The history of the Summer Palace starts with the Jin Dynasty (1115-1234) when the Golden Hill Palace was built in the present site of the Summer Palace.  The Summer Palace that exists today dates back to Kublai Khan (Yuan Dynasty – 1277-1367).  In 1750, Emperor Qian Long (Ch’ing Dynasty – 1644 -1911) had canals built leading to Kunming Lake, which was enlarged to serve as a reservoir for Beijing and is still in use today.
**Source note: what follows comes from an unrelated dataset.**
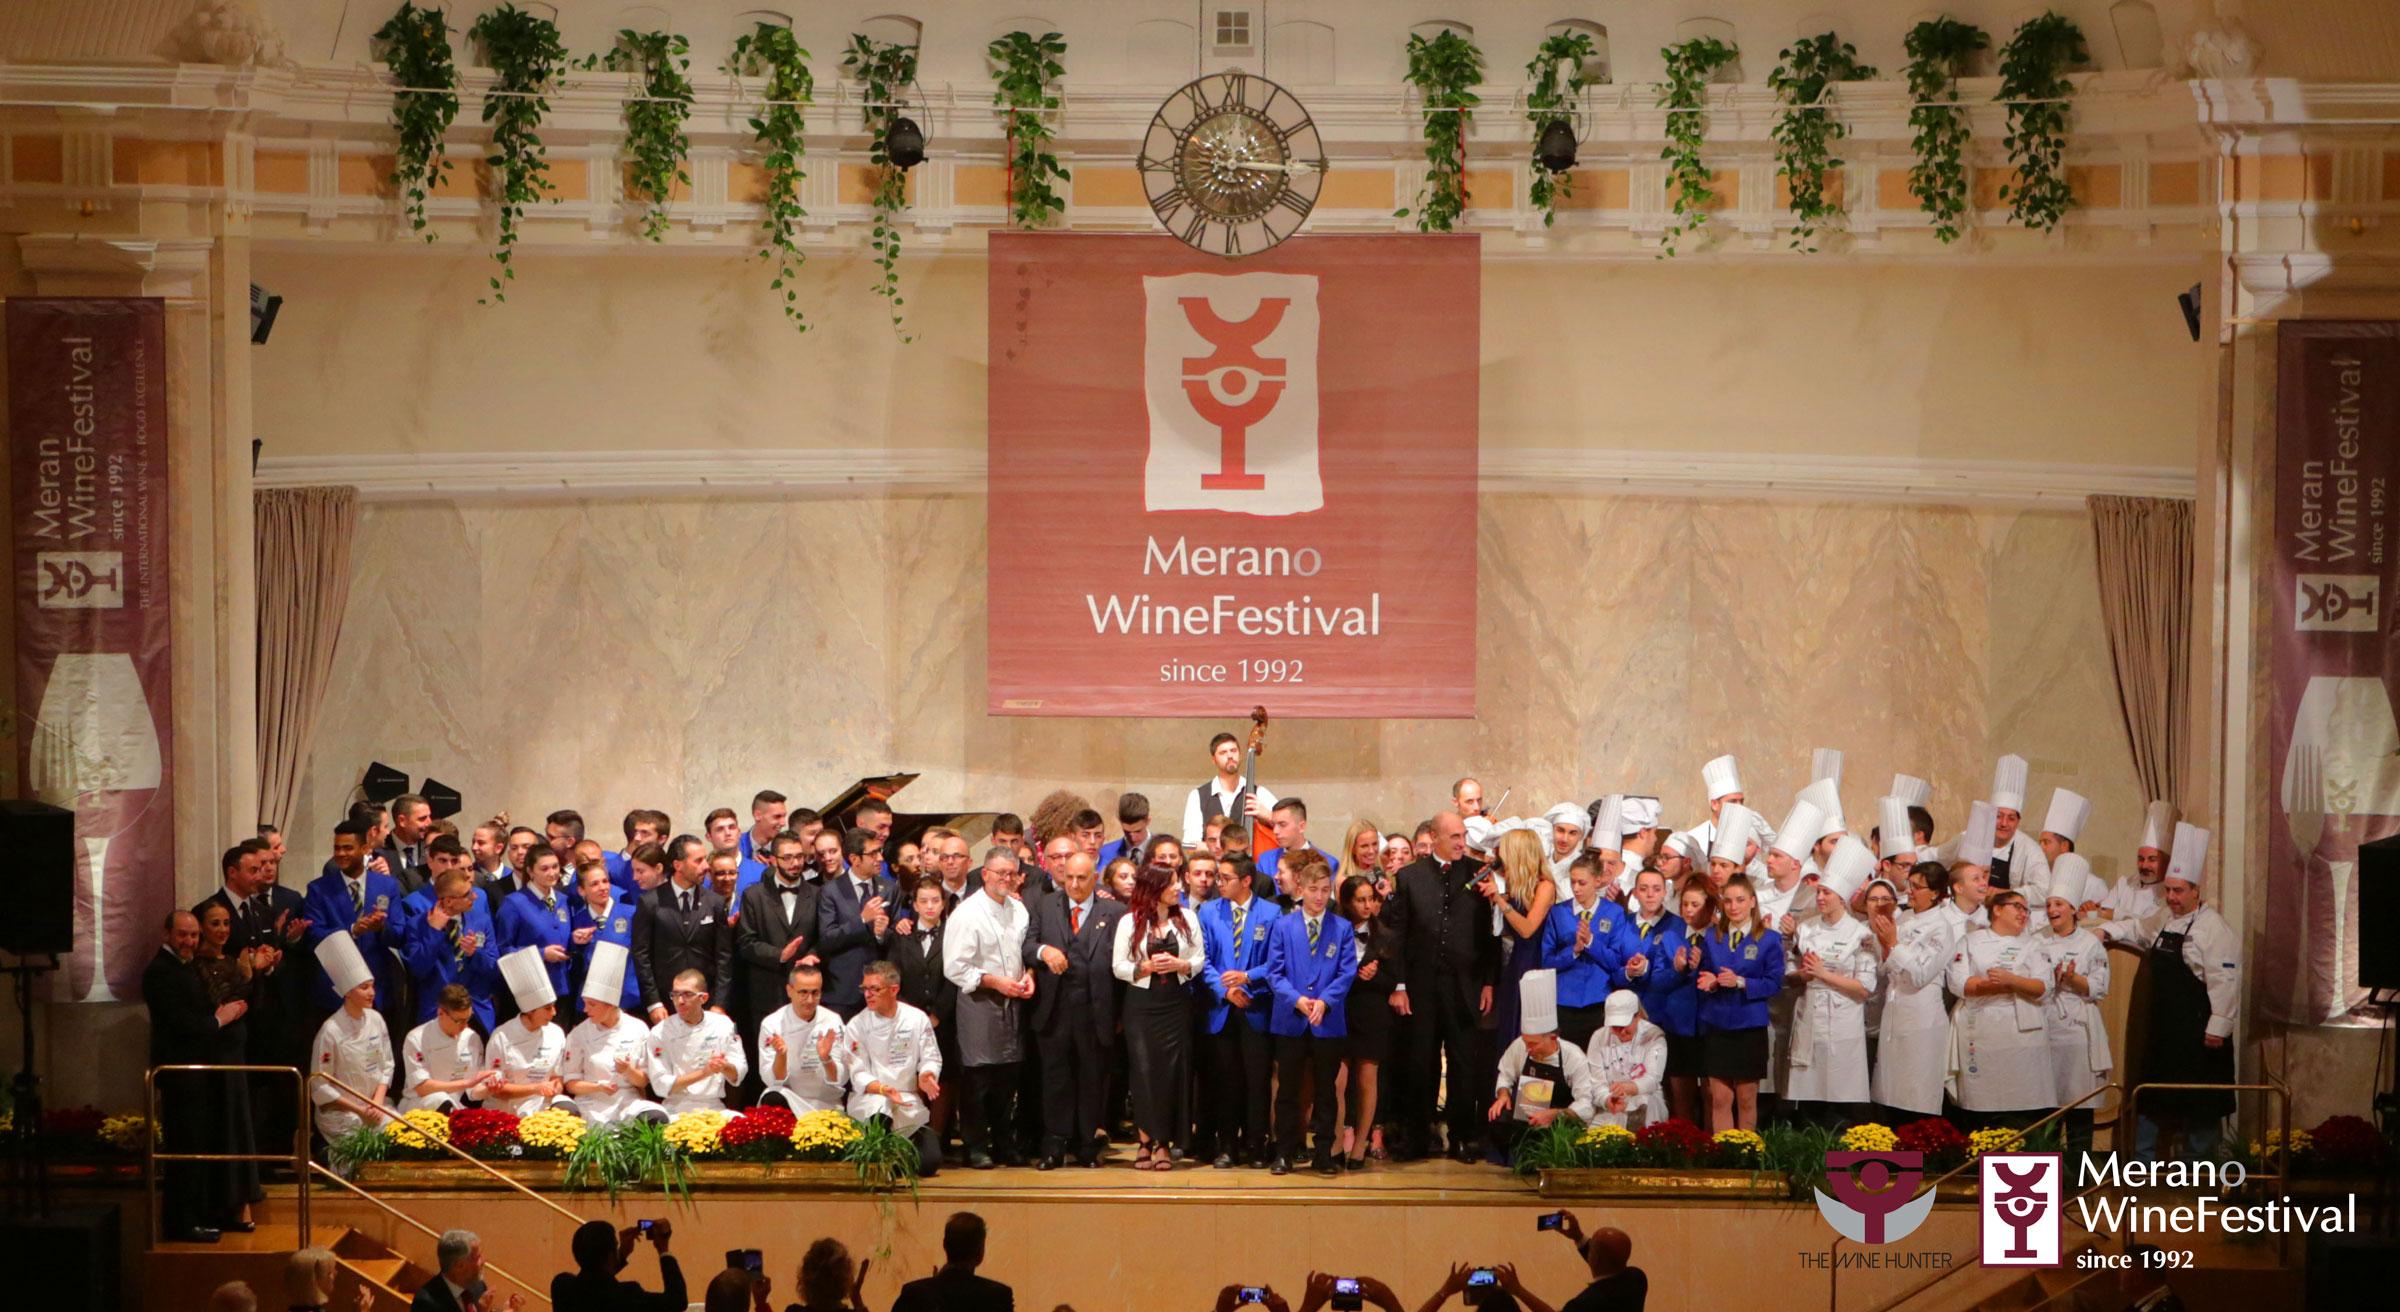 Throwback on Merano Wine Festival 2018

He built palaces on the hill to celebrate his mother’s birthday.

Summer Palace

In 1860, during the Second Opium War, a combined British-French military force invaded Beijing and destroyed many of the buildings.  Twenty-eight years later, the Dowager Empress Ci Xi’s brother-in-law rebuilt and expanded the palaces using money (when he was the leader of China’s the navy) that was meant to modernize the Chinese navy.

Summer Palace

After the Ch’ing Dynasty was swept aside during the 1911 rebellion, this new Summer Palace was opened to the public.  In 1990, the Summer Palace was designated a world heritage site by the United Nations.

Summer Palace

This “site” has more pictures and information about the Summer Palace.

Summer Palace

This “video” shows the Summer Palace from the main gate to Suzhou Street where Emperors went to be entertained.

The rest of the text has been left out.